And there was the story of something more important: in this case, the war. The British narrative was that winning the war was a priority that overrode all else. For Churchill, hunger deaths on the road to defeating the Axis powers and preserving the empire were a statistic. For Lord Wavell, viceroy of India, the famine “was one of the greatest disasters that [had] befallen any people under British rule and damage to our reputation . . . is incalculable.” He was, reportedly, moved by human suffering. But the British authorities were moved to action by how that human suffering would be represented, something over which they were losing control. But, as with Ukraine a decade before, the question of the numbers obscured what was being done to society. In the case of Bengal, it was reckless, racist indifference rather than genocidal onslaught. But the societal traumas, and dynamics, are recognizable.

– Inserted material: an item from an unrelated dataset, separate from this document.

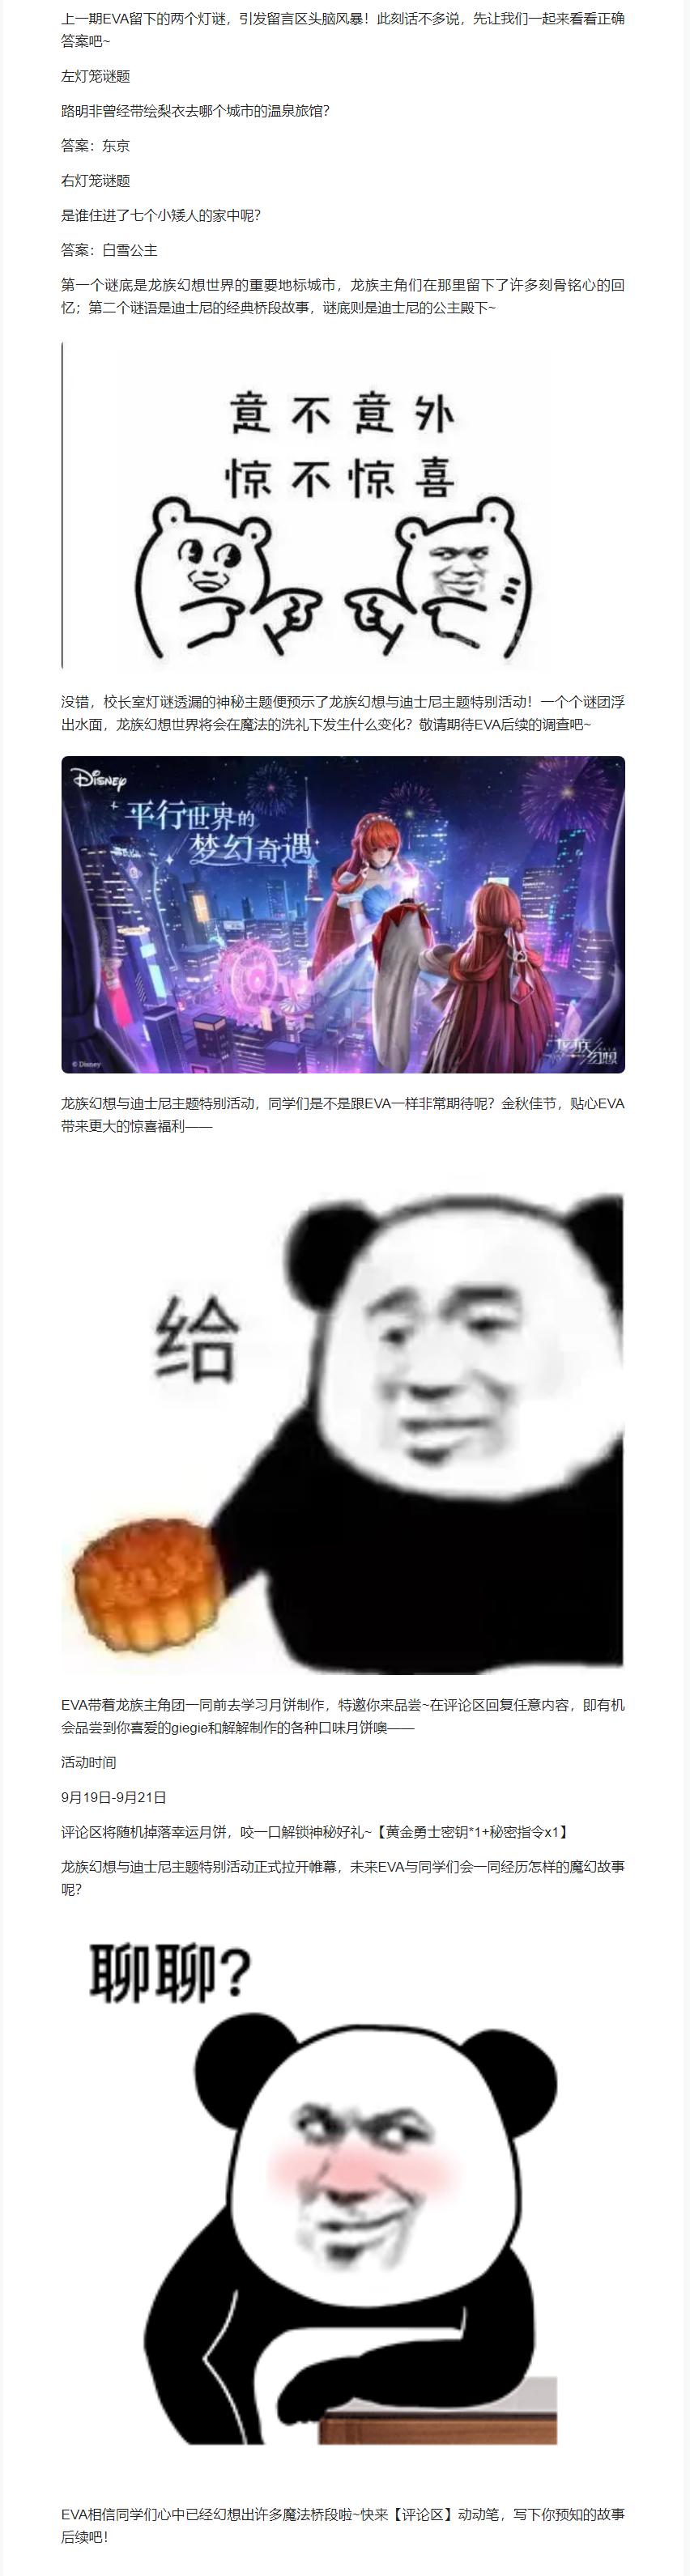 联动开启│奇遇龙族公主?拉开梦幻帷幕~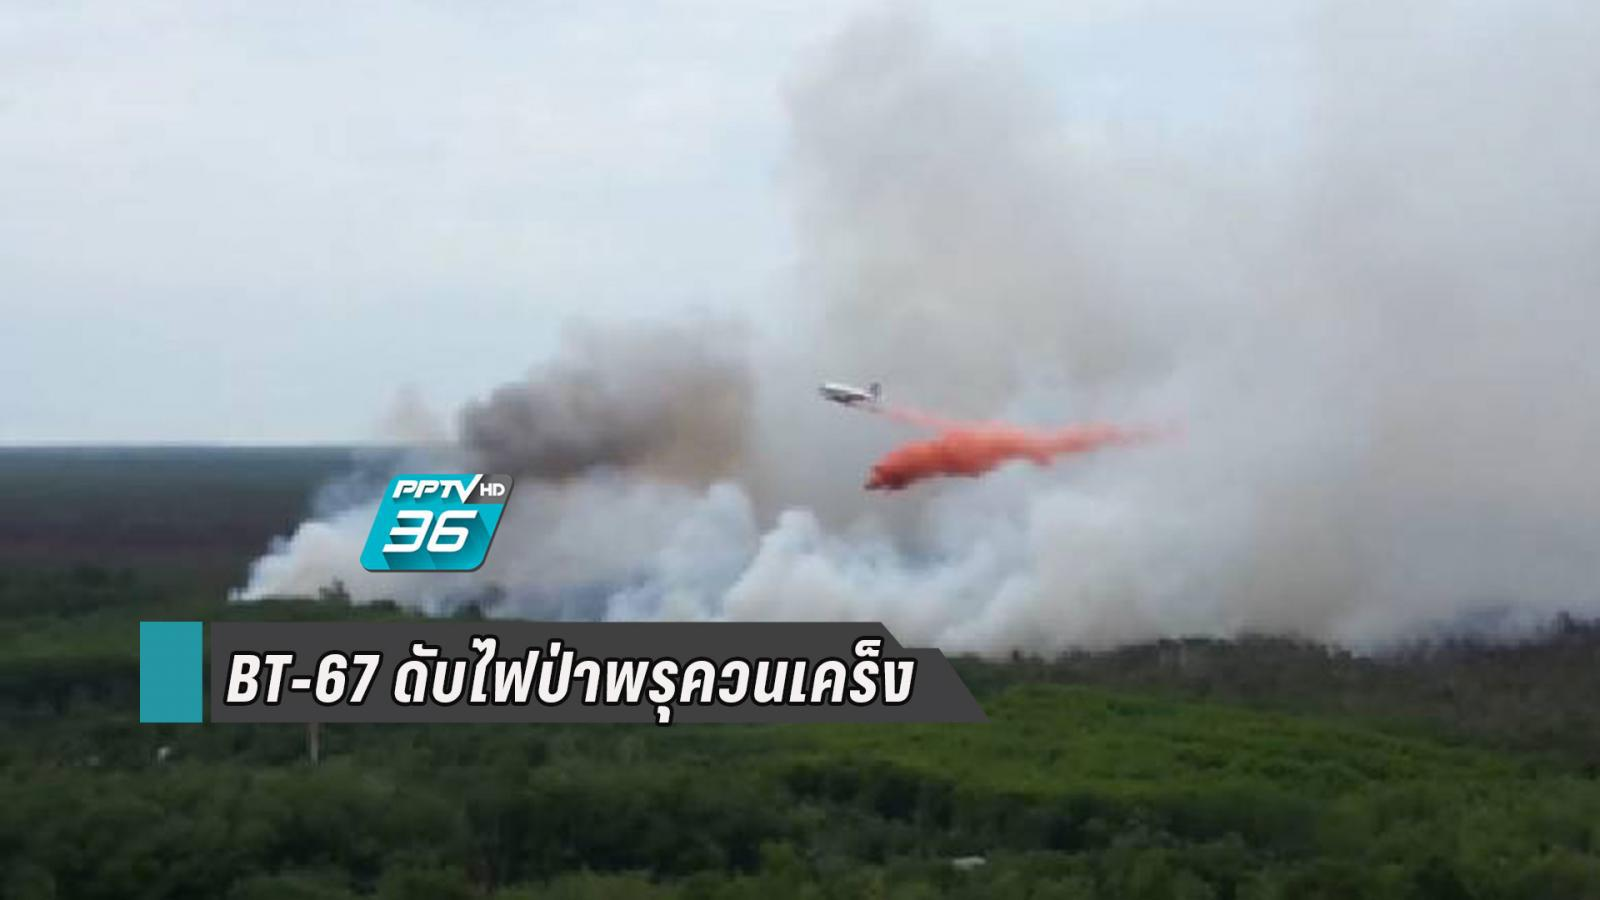 กองทัพอากาศ ส่งเครื่องบิน BT-67 ดับไฟป่าพรุควนเคร็ง

The inescapable depersonalization of population statistics in the era of total war can easily slip into bureaucratic dehumanization at scale. It also translates into dehumanization within society: normalizing the sight of dead bodies and reducing corpses to simple, if often arbitrary, identifiers, such as whether they are Hindu or Muslim. Confronted with so many corpses—so many unclaimed corpses—“indifference to the fate of the dead began to reign” among the residents of Calcutta and other cities, writes Mukherjee. And indifference rationalizes mercilessness, especially in those inflicting the quotidian cruelties of the survivor on those just below them in the fine gradients of desperation that decide dignity or destitution, living or dying. Famine hardens the discourse.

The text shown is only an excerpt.